5. Outside Legal Counsel provides required certificate for execution to WFFI Treasury regarding distribution of MTNs during month together with information regarding filing fees payable.

Day 3

6. WFFI Treasury wires funds to Outside Legal Counsel regarding filing fees payable.

Day 1 of Following Month

7. Outside Legal Counsel files via SEDAR English and French language version of prospectus supplement and related certificate.
8. Outside Legal Counsel provides SEDAR confirmation of filing to WFFI Treasury.

Day 4 of Following Month

9. If Outside Legal Counsel has yet to provide SEDAR confirmation of filing to WFFI Treasury, WFFI Treasury to contact Outside Legal Counsel to ensure that filing will occur before Day 7.

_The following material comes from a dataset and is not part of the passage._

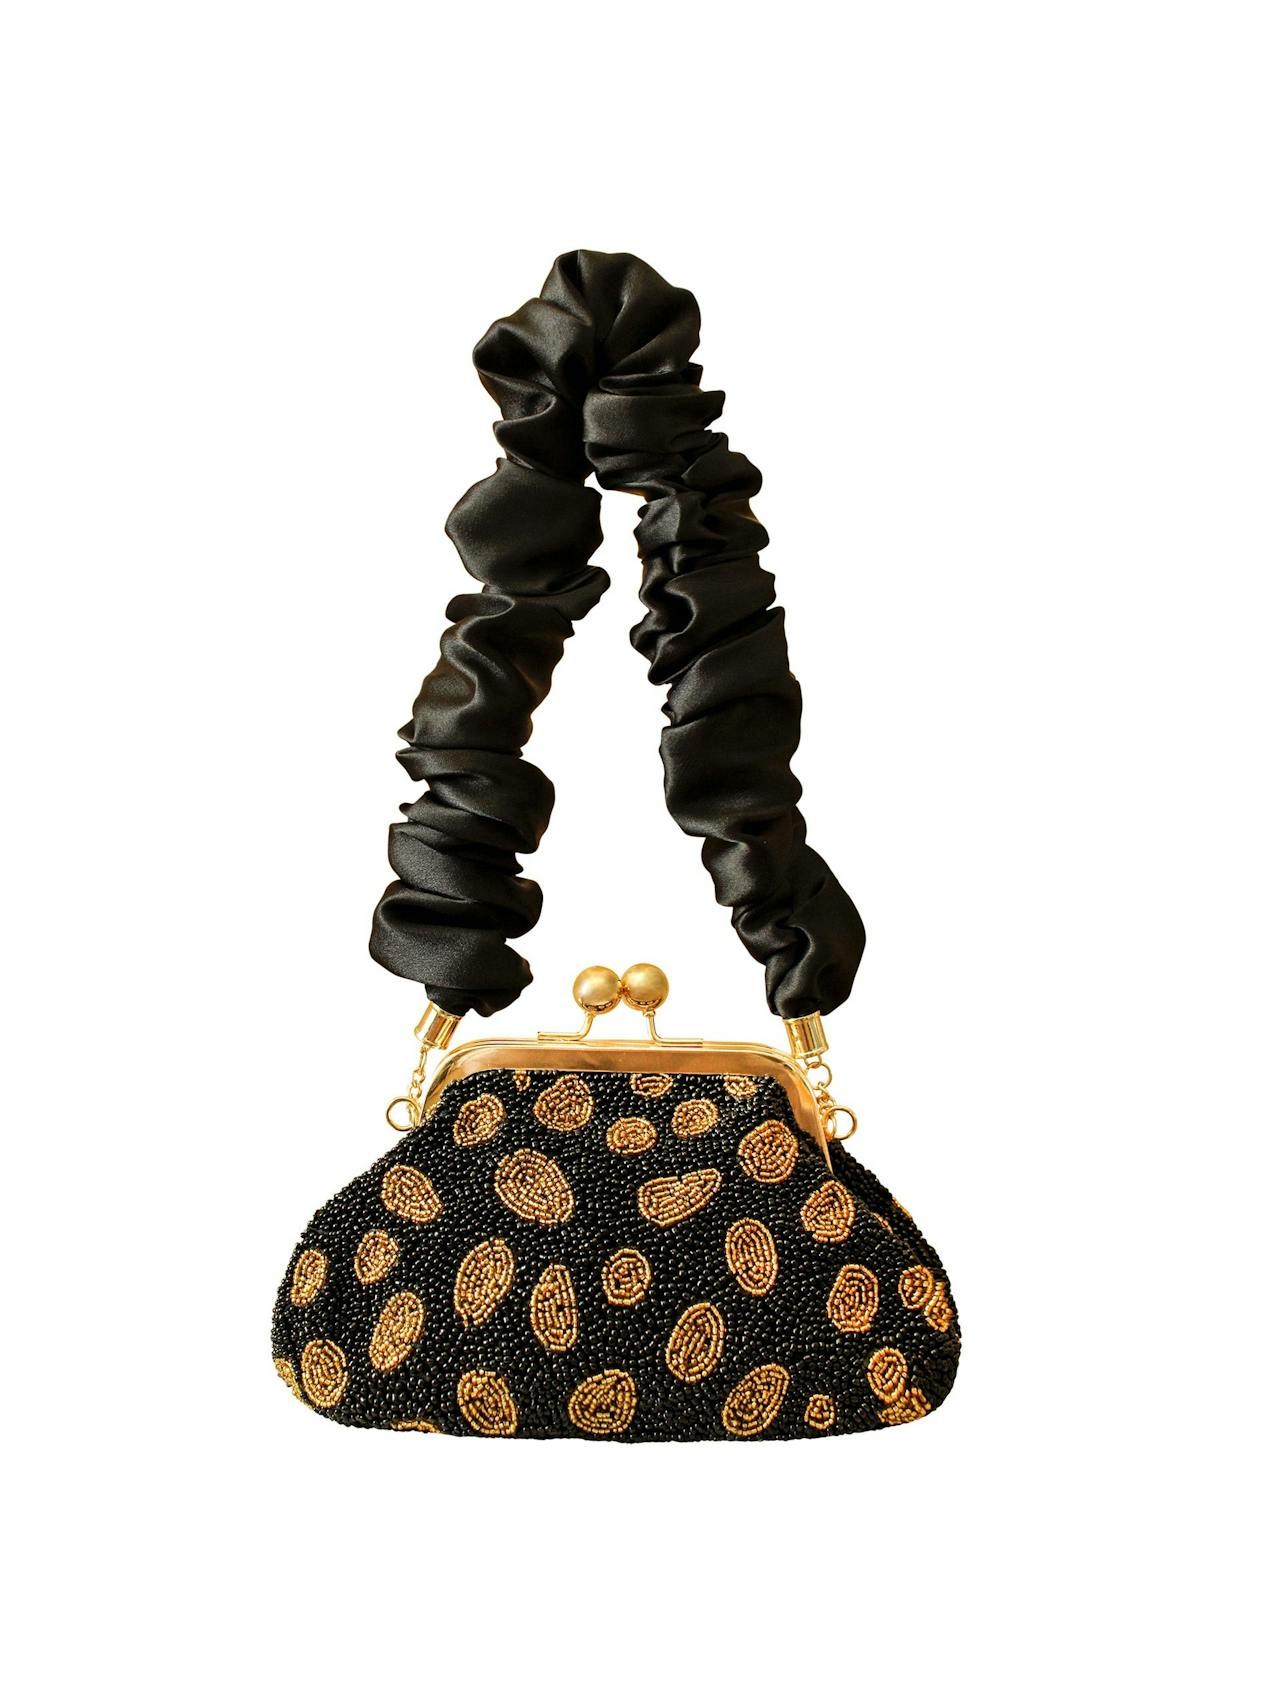 Arnoldi black gold hand-beaded clutch in black and gold

Wells Fargo Documents Incorporated by Reference

  1. WFFI provides to Outside Legal Counsel any Wells Fargo disclosure documents incorporated by reference into the prospectus supplement (“Wells Fargo Disclosure Documents”).
  2. Outside Legal Counsel files, via SEDAR, the English version of the Wells Fargo Disclosure Documents.
  3. Outside Legal Counsel and Outside Accounting Firm arrange for translation of the Wells Fargo Disclosure Documents into French.
  4. Outside Legal Counsel files, via SEDAR, the French version of the Wells Fargo Disclosure Documents.

 

WFC Documents Incorporated by Reference

  1. WFC provides, directly or through its agent, WFC disclosure documents incorporated by reference into the prospectus supplement (“WFC Disclosure Documents”) to Outside Legal Counsel, with a copy to WFFI.
  2. Outside Legal Counsel files, via SEDAR, the English-version of the WFC Disclosure Documents.
  3. Outside Legal Counsel and Outside Accounting Firm arrange for translation of the WFC Disclosure Documents into French.
  4. Outside Legal Counsel files, via SEDAR, the French versions of the WFC Disclosure Documents.